An additional consideration is that ethnicity has been found to be an important moderator of differential susceptibility. A meta-analysis including over 9,361 adolescents found that differential susceptibility was more pronounced in samples with >80% whites as compared with >20% mixed-ethnicity samples because white children with the nonsusceptible variant of the serotonin transporter genotype 5HTTLPR were less affected by their home environments at both ends of the spectrum than were children of other ethnicities (van Ijzendoorn, Belsky, & Bakermans-Kranenburg, 2012). The effects we observed from our data, which were largely from European–American children (55.6%), may have been attenuated.

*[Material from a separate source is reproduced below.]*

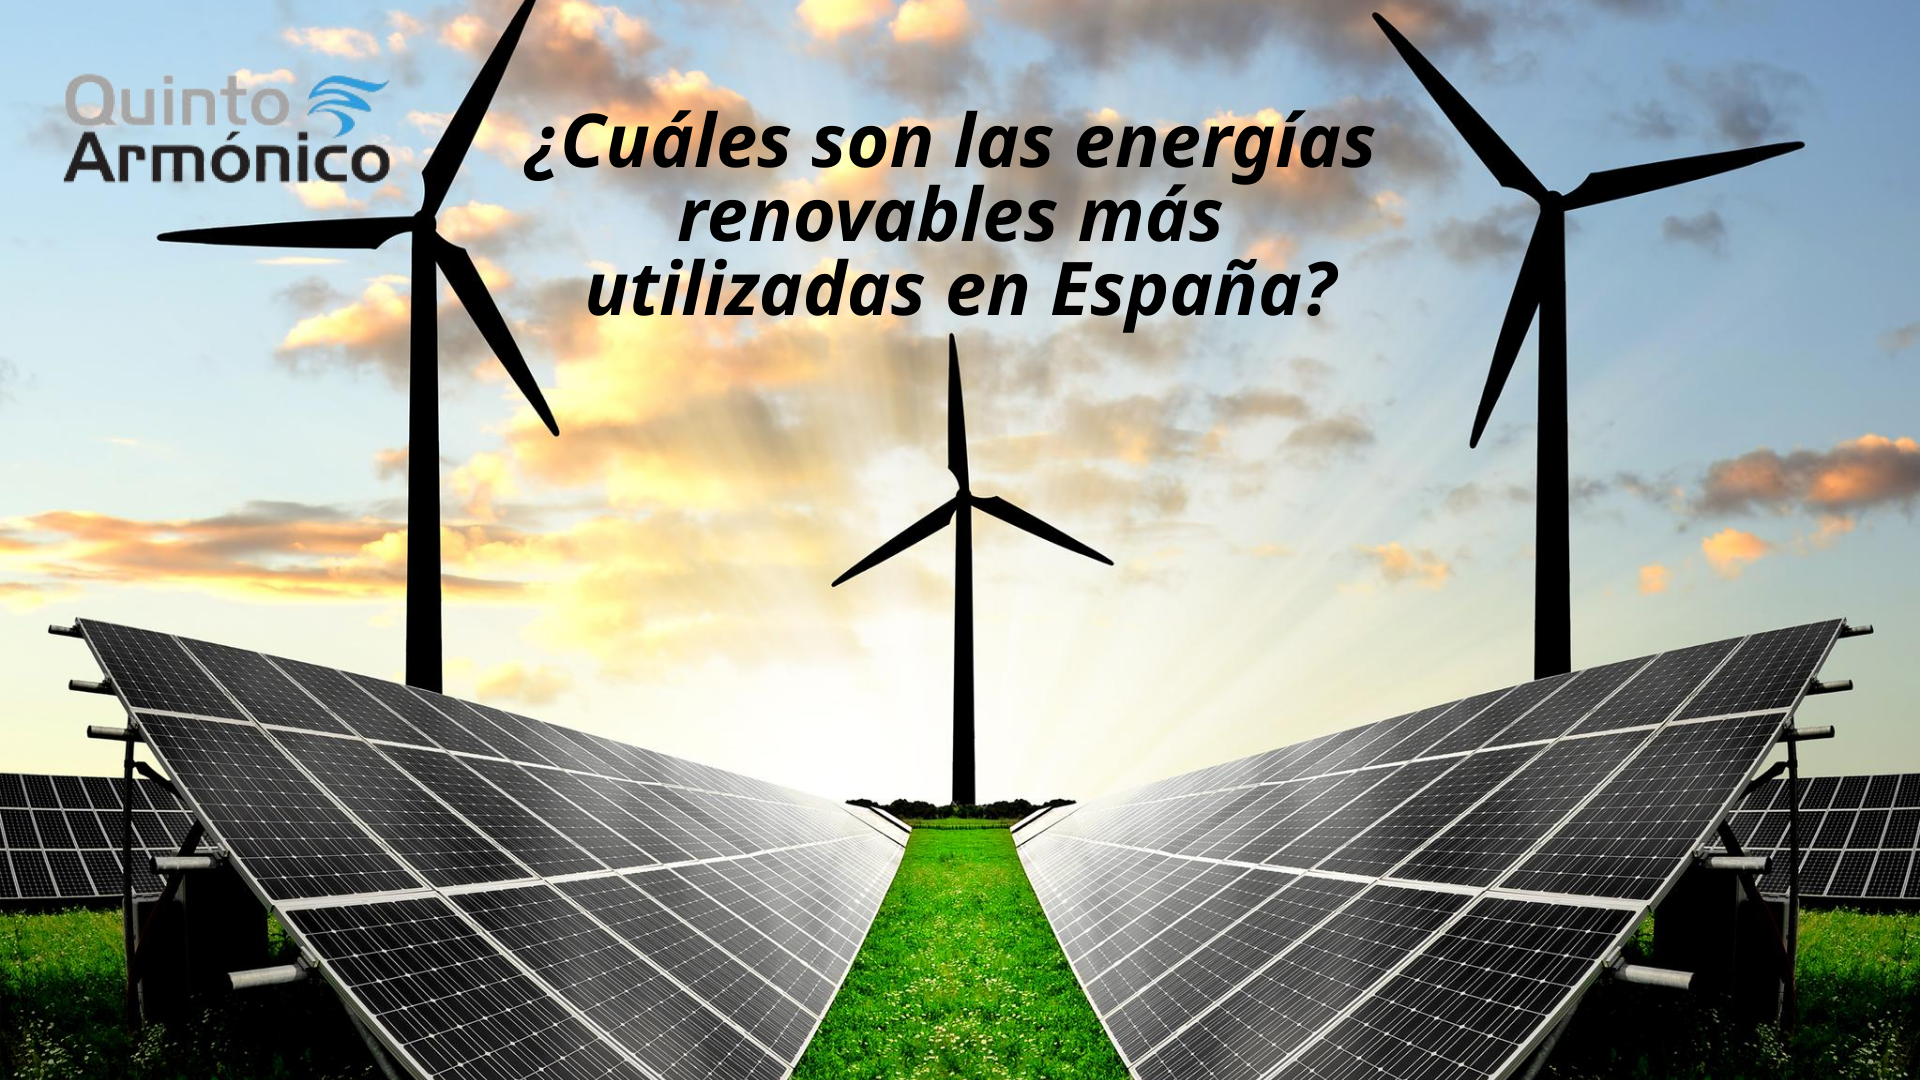 ¿Cuáles son las energías renovables más utilizadas en España?

However, we expect the p-factor is robust against population stratification because genetic risk is estimated without the measurement of individual polymorphisms.

We were unable to replicate our findings in our post hoc analyses, which found nonsignificant interactions using the continuous p-factor variable. One potential explanation is that the continuous p-factor variable was highly skewed, which provided justification for our a priori decision to dichotomize the variable. Using a highly skewed p-factor variable could have contributed to our nonsignificant findings. Second, it is possible that birth parents with more than one psychopathology do not confer additional genetic risk to their children compared with birth parents with a single psychopathology, at the time in development when the measurements were obtained. However, it is possible that analyses using the binary p-factor score may exaggerate group differences in reacting to low versus high maternal parenting stress, leading to cautions in interpreting the findings examining the interaction effects between maternal parenting stress and the binary p-factor score on child problem behaviors and social competence. Further, despite a larger, yet comparable sample size when testing our models with mother-only reported environmental factors and outcomes, interactions were no longer significant. This finding was a surprise as source effects should bias associations further from unity and could suggest unreliable results.

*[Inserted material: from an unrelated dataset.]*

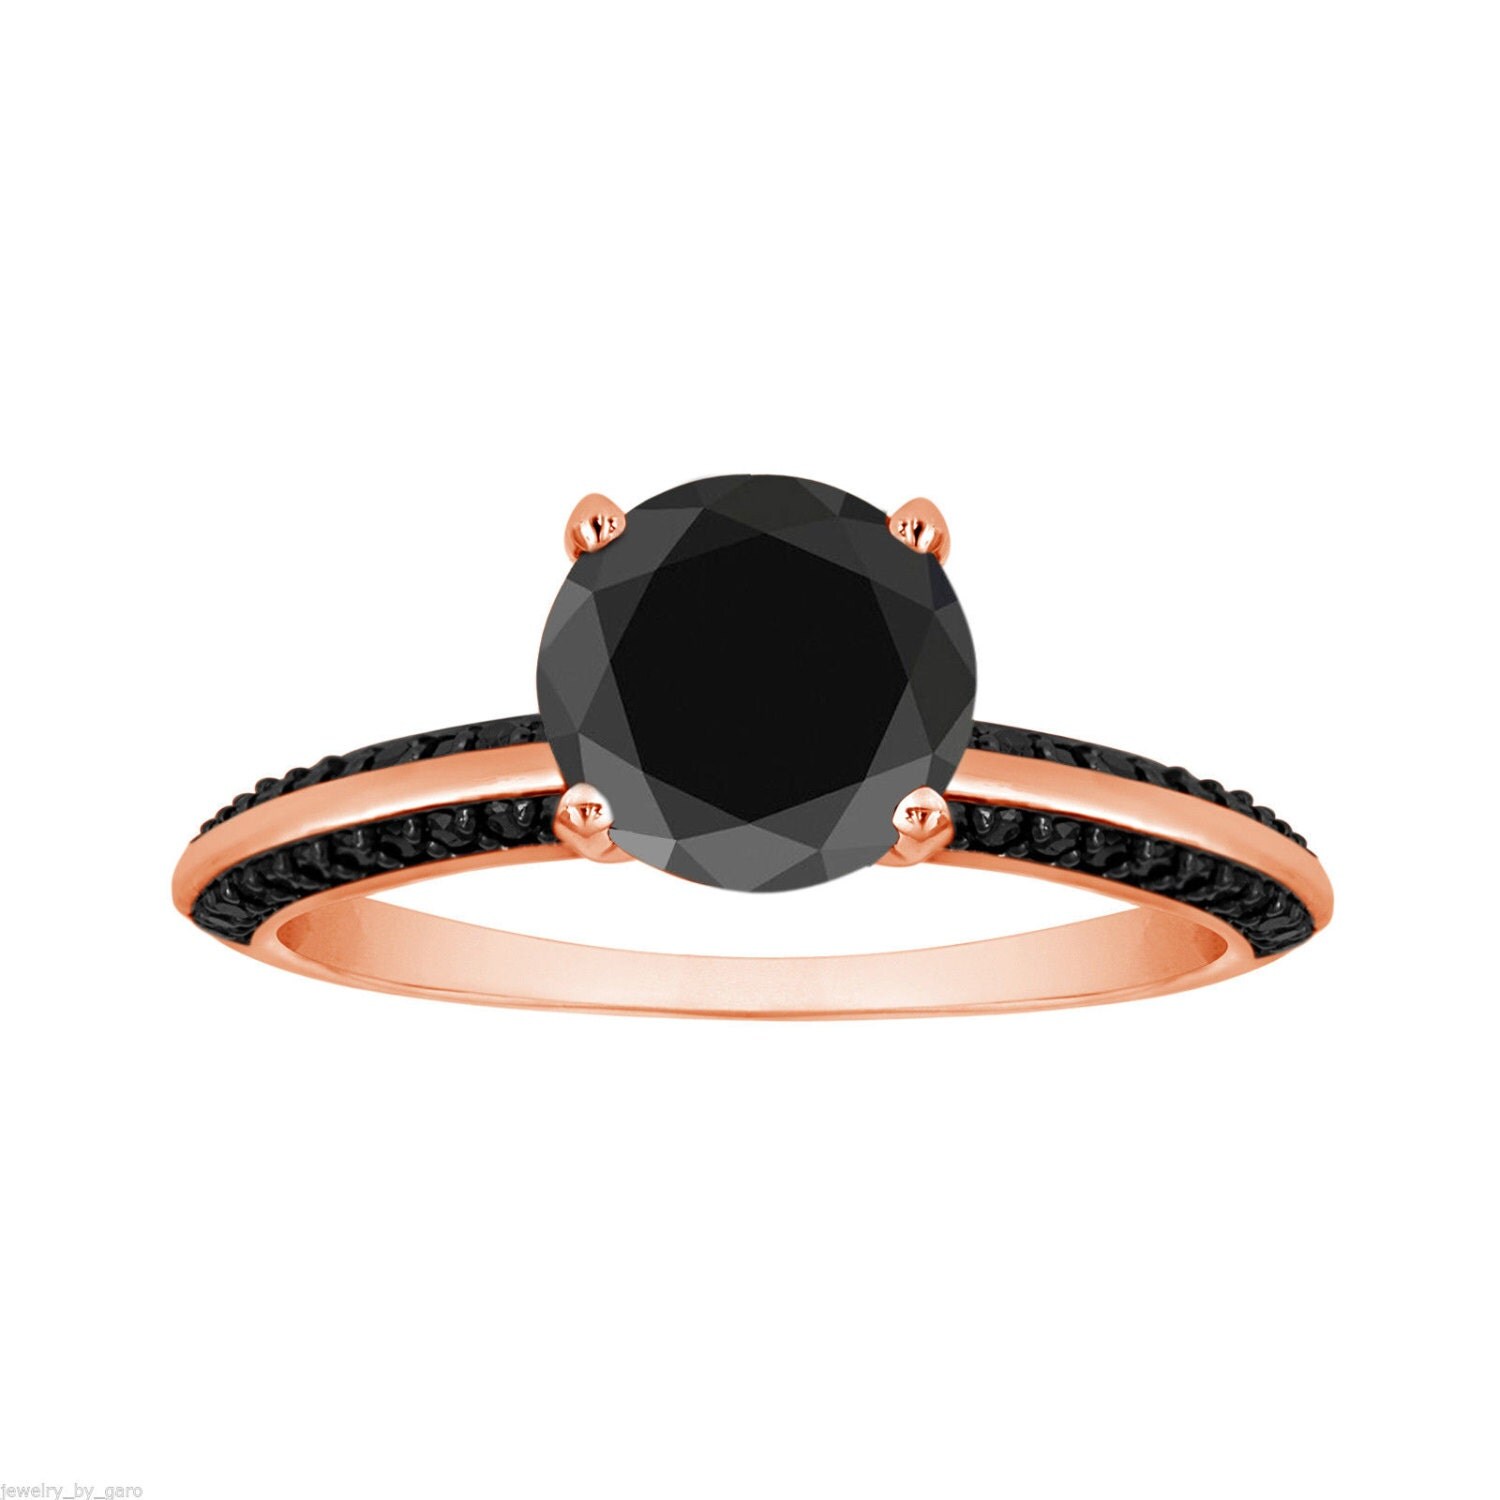 1.79 Carat Fancy Black Diamond Engagement Ring 14K Rose Gold

Finally, the adoption design does not fully disentangle prenatal and heritable influences. However, by carefully measuring birth mothers’ lifetime psychopathology characteristics and birth mothers’ prenatal environments separately, this design helps to clarify the effects of prenatal environments and heritable factors on child development.

Conclusions

In our sample of adoptive families we did not find evidence supporting the differential susceptibility hypothesis in relation to child externalizing problems or social competence using a broad general liability for psychopathology and a range of environmental exposures. Rather, we found differing results depending on the adoptive parent environmental factor studied. High levels of the p-factor, as measured by adoptive parent psychopathology, appear to confer a liability when adoptive mother internalizing symptoms are present, consistent with a diathesis–stress hypothesis, for social competence but not for externalizing problems. Conversely, high levels of the p-factor appear to confer a resistance to both positive and negative maternal parenting stress.

Our results, coupled with mixed findings in the literature in relation to DST in a variety of settings (e.g., Belsky & Pluess, 2013b; Fong, Measelle, Conradt, & Ablow, 2017; Leve et al., 2009), do not provide evidence supporting tailoring interventions to children based on their genetic susceptibility or “sensitivity” alone. However, genetic differences can be considered in cases where promising family interventions show weak or no significant effects, as highlighted by van Ijzendoorn & Bakersmans-Kranenberg (2015). The American Academy of Pediatrics recommendation to screen all children for a range of environmental risk factors, including parental mental health history (American Academy of Pediatrics, 2017), is necessary, and may be even more important for children who are genetically vulnerable to parental psychiatric symptoms. This work expands the differential susceptibility literature using a broad measure of genetic susceptibility and a genetically informed design. Although this study by no means disproves DST, the results suggest further investigation of DST is warranted before revising screening or intervention recommendations in young children.